'Personalidade do mundo acadêmico merece destaque'

Dirigente de uma pasta do governo Kassab afirma que moradores precisam ser convencidos para a mudança de nome de rua

Entrevista com

O Estado de S.Paulo

31 de dezembro de 2012 | 02h02

Por que o senhor foi falar com os moradores a respeito da ideia da mudança de nome?

Até porque eu estudei no colégio (Liceu Pasteur) 13 anos da minha vida, conheço a região e tenho conhecidos no prédio. Então, é uma solicitação normal, para dar base para um projeto que venha da Câmara. E isso pode acontecer em qualquer momento. Não precisa ser agora. O Legislativo vai trabalhar nessa proposta para, em algum momento, encaminhar isso para o plenário.

E o senhor já levou a proposta aos moradores?

É. Esse é um processo lento. Não se muda nome de rua de uma hora para a outra. Tem de ter um convencimento. Tem moradores que são novos, que nem sabem da história.

O senhor pretende levar o documento ao outro prédio da rua?

A rua é muito pequena, tem dois prédios e uma vila. Fiz esse contato nesse edifício porque dois conhecidos meus moram lá. Só isso. Eu deixei lá até para eles 'maturarem' a ideia e ficou lá. Não voltei. Até porque, com esse fechamento de gestão, não tive tempo de fazer essa retomada. Não tem pressa, o processo não tem pressa.

Essa alteração é importante?

Não sei se aquela ou outra rua, mas merece um destaque uma personalidade do mundo acadêmico e do mundo médico.

Não há uma confusão entre interesses públicos e privados nesse processo?
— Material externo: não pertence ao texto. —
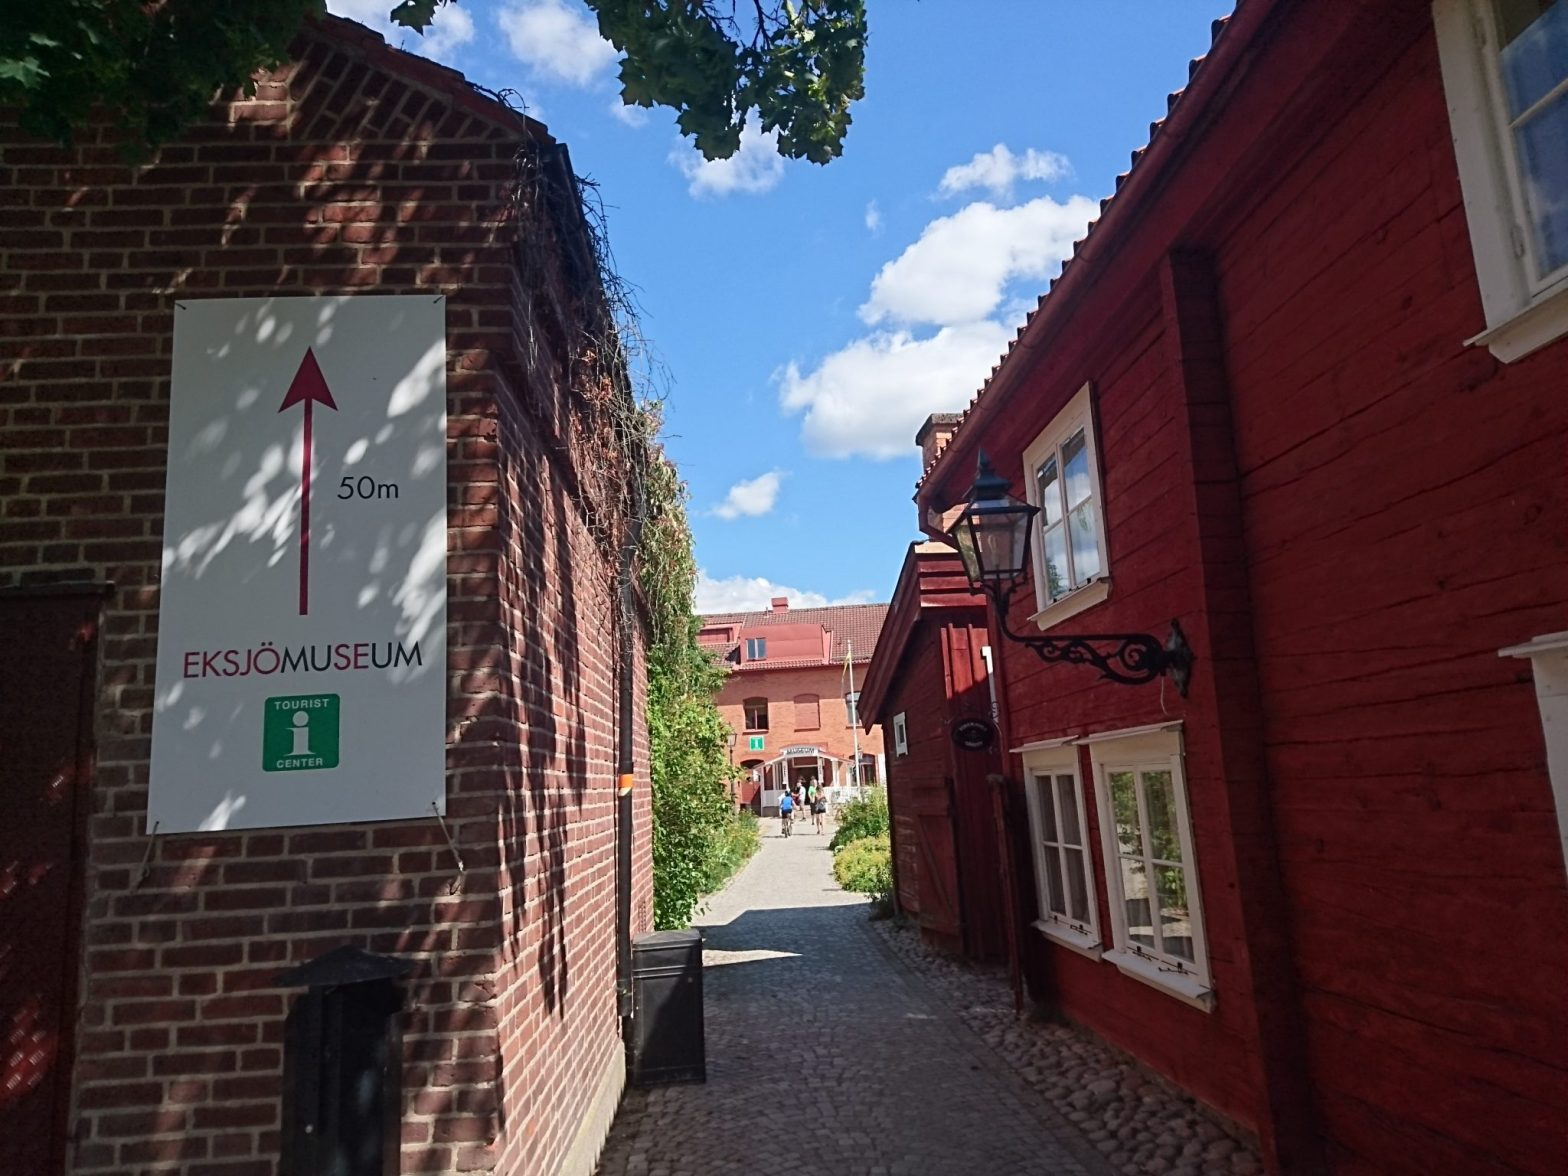 Vägen till Eksjö museum och turistbyrå.

Não, não, não. Acho que não. A iniciativa de mudança de nome é pública, mas não do Executivo, é do Legislativo. É ele que organiza isso para ter o colhimento de assinaturas na rua.

A alteração do nome de uma rua não pode provocar transtornos para os moradores?

Por isso que você faz essa consulta preliminar. Não é esse documento para a Câmara. É para ver se há aceitação, para explicar o que é uma mudança de nome de rua, explicar se tem ônus ou não.

A homenagem não poderia ser feita em alguma rua que ainda não tem nome, como algumas da periferia?

Sim, pode ser. Também pode, não está fechada essa questão da rua. /C.V.